"They say they wanted to hit some terrorists. What terrorists can you see here?" said 62-year-old Nooran Shah, a resident of Jabba village, near the northeastern town of Balakot in Khyber Pakhtunkhwa. "We are here. Are we terrorists?"
India says Tuesday's raid destroyed a major training camp of Jaish-e Mohammad group that reportedly claimed responsibility for a February 14 attack in Indian Occupied Kashmir that killed 40 members of a paramilitary police unit.
India's Foreign Secretary Vijay Gokhale said the strike killed "a very large number of Jaish-e-Mohammad terrorists, trainers, senior commanders being trained were eliminated."
Another senior government official told reporters that about 300 'militants' had been killed.
No blood. No bodies. No debris. No tragedy
On Thursday, though, a senior defence official appeared to backtrack on the claims.

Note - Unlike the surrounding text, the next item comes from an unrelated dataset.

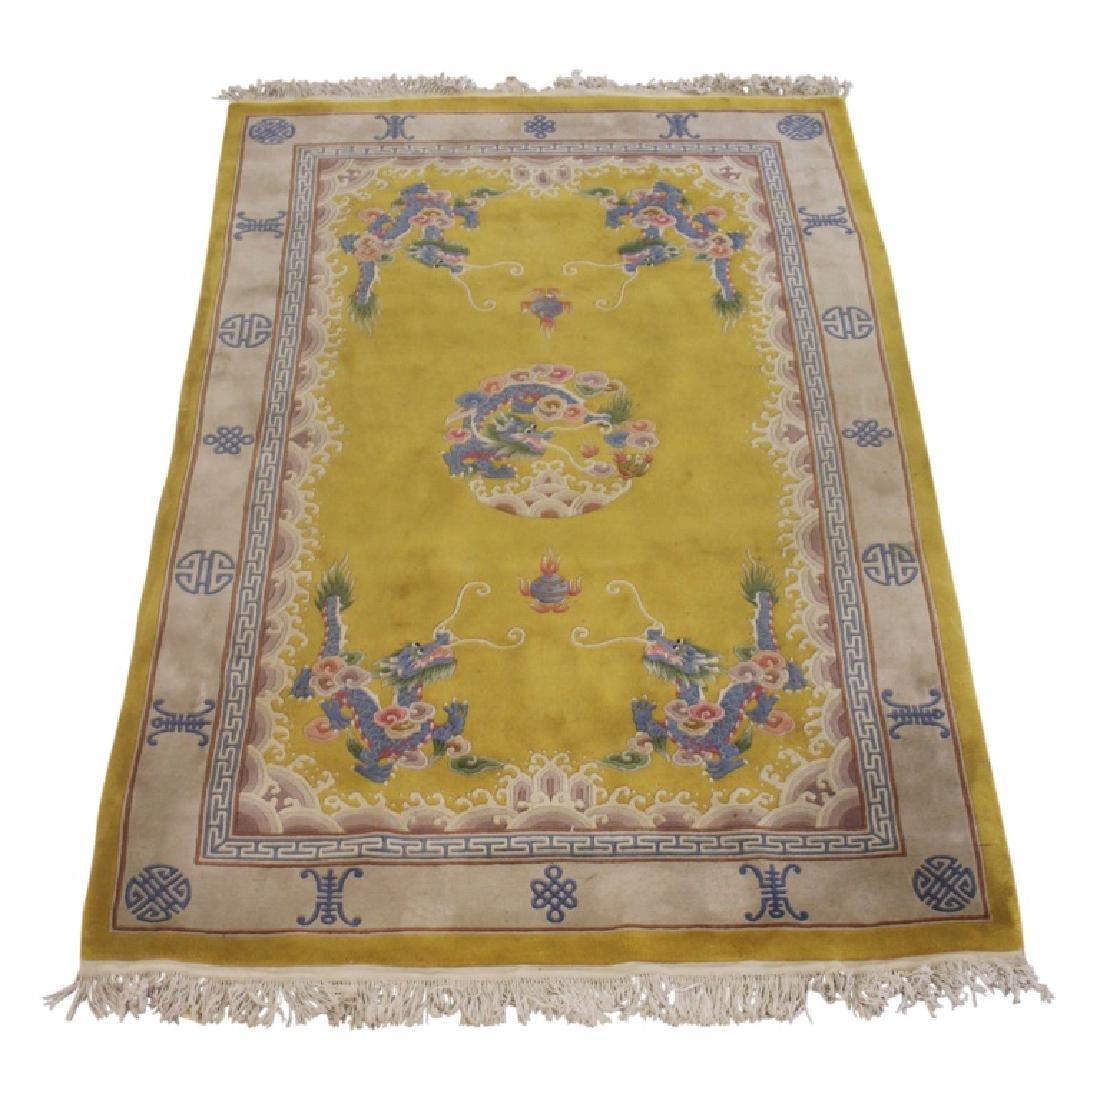 Handmade Asian Carpet 302-4

Asked about how much damage the warplanes had caused, Air Vice Marshal R G K Kapoor said it was "premature" to provide details about casualties.
But he said the Indian armed forces had "fairly credible evidence" of the damage inflicted on the camp by the air strikes.
On the wooded slopes above Jabba, villagers pointed to four bomb craters and some splintered pine trees, but could see little other impact from the series of explosions that blasted them awake at around 3am.
"It shook everything," said Abdur Rasheed, who drives a pickup van around the area. He said there weren't any human casualties: "No one died. Only some pine trees died, they were cut down. A crow also died."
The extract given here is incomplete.